The names of many of Monday's shooting victims were released on Tuesday; more have trickled out today. What little that was still abstract to me about Monday's events is gone. Last night, as I was drafting this post I was able to write "Ashley and I have known none of the victims directly, but I know several people who have lost immediate family, friends, classmates, and colleagues." Now, sadly, the first half of that sentence is no longer true. Out of respect for the privacy and dignity for those who are confronting unfathomable losses right now, I'm going to refrain from sharing any further details. Why? Because since Monday I've witnessed reporters sticking their microphones into the faces of people with very red eyes, hovering near the homes of those who have lost loved ones, and taking photos with extreme telephoto lenses, lenses that don't require the photographer to have a personal relationship with his subject.

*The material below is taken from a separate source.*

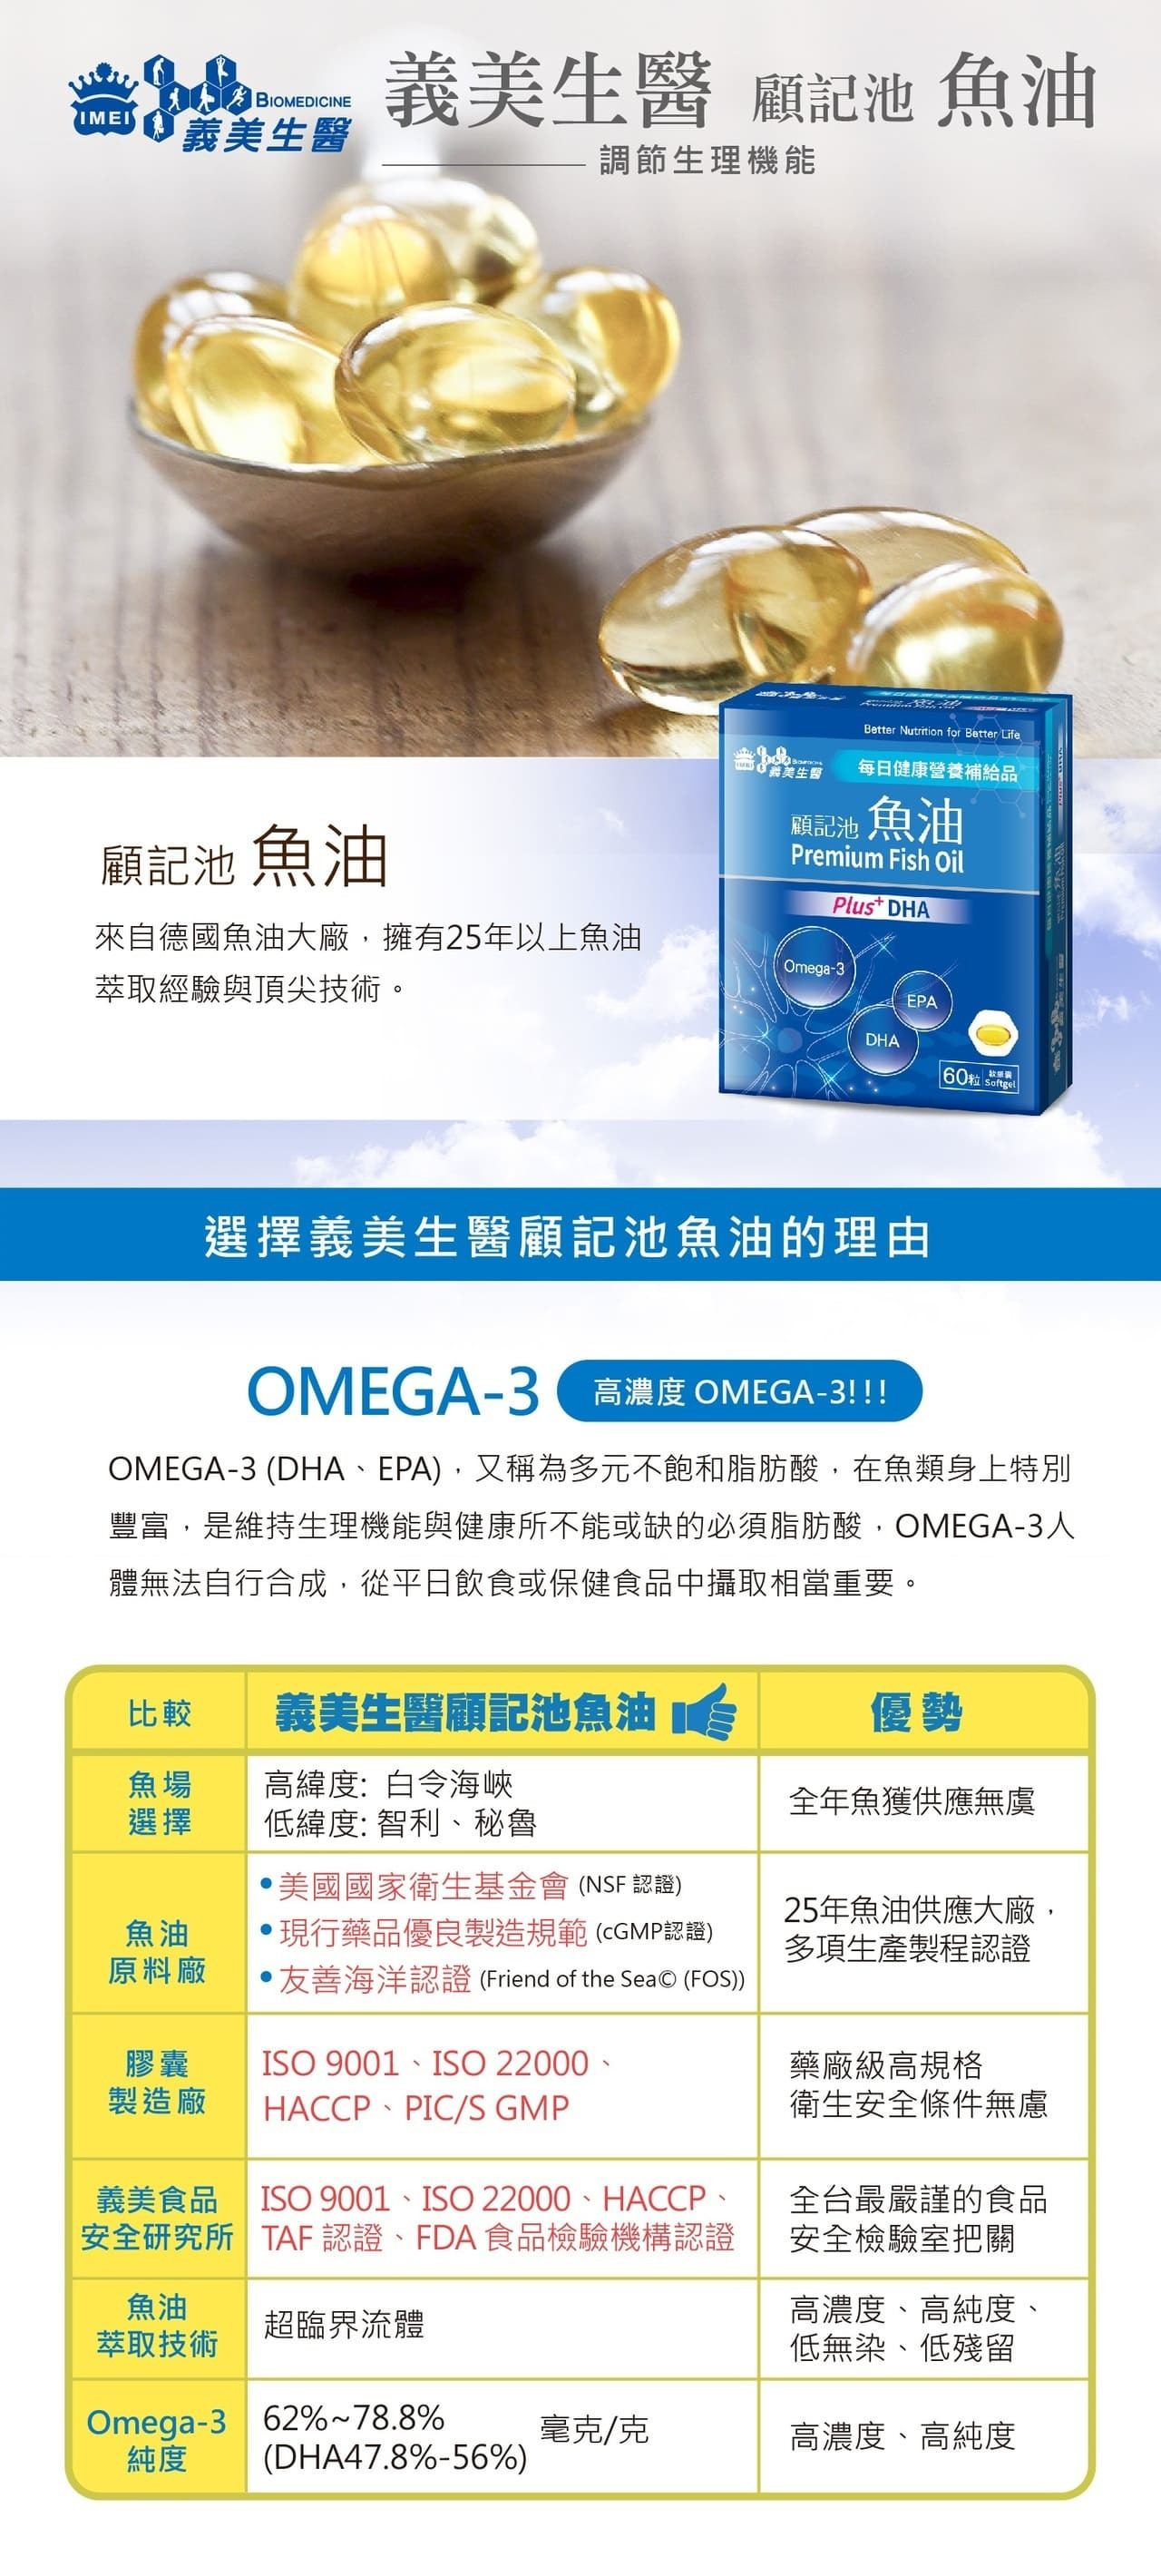 「顧記池魚油」來自擁有頂尖萃取技術的德國魚油大廠，富含高濃度OMEGA-3
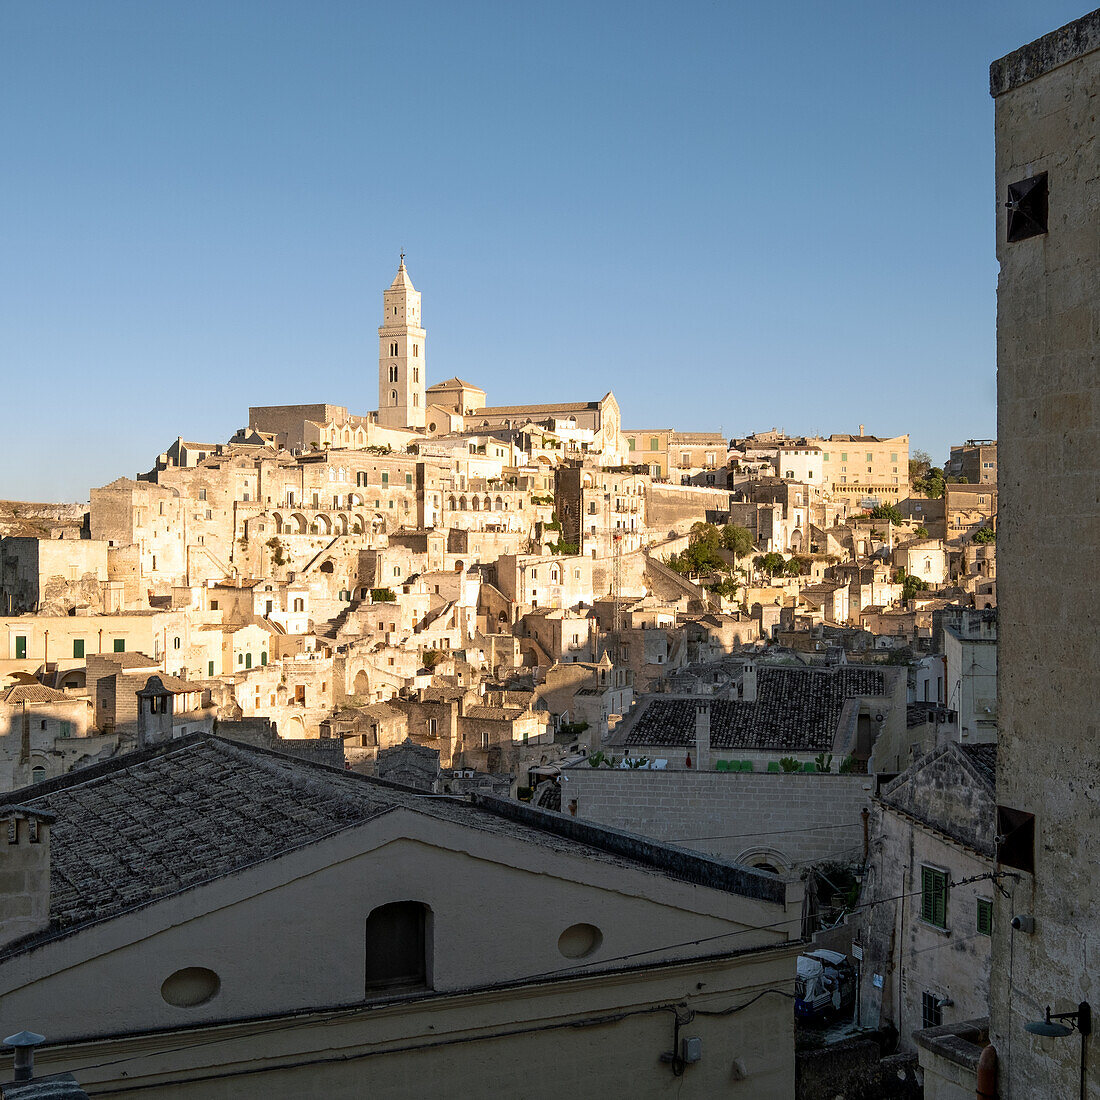 Italien, Basilicata, Matera, Blick auf die mittelalterliche Stadt

Frankly, I'm sick of it.

The past 48 hours have been one long, ongoing demonstration of what Jill Godmilow, in both her incomparable film What Farocki Taught and her essay "What's Wrong with the Liberal Documentary?, labels "the pornography of the real":

The "pornography of the real" involves the highly suspect, psychic pleasure of viewing "the moving picture real" ... a powerful pornographic interest in real people, real death, real destruction and real suffering, especially of "others", commodities in film. These "pleasures" are not brought to our attention. The pornographic aspect is masked in the documentary by assurances that the film delivers only the actually existing real -- thus sincere truths that we need to know about.

As I said in my previous post, I think of storytelling as a kind of citizenship, so I don't blame people for wanting to know the stories unfolding in Blacksburg, nor do I blame journalists for telling those stories. Still, how one gathers the facts, why you gather them, and the way you tell them can't be separated from the story you're telling. Sadly I've been witnessing firsthand how many journalists, particularly those from out of town, seem to have forgotten that common decency is also facet of citizenship. My main consolation, and it isn't much, is knowing that the members of the media will move on to another spectacle in very short time.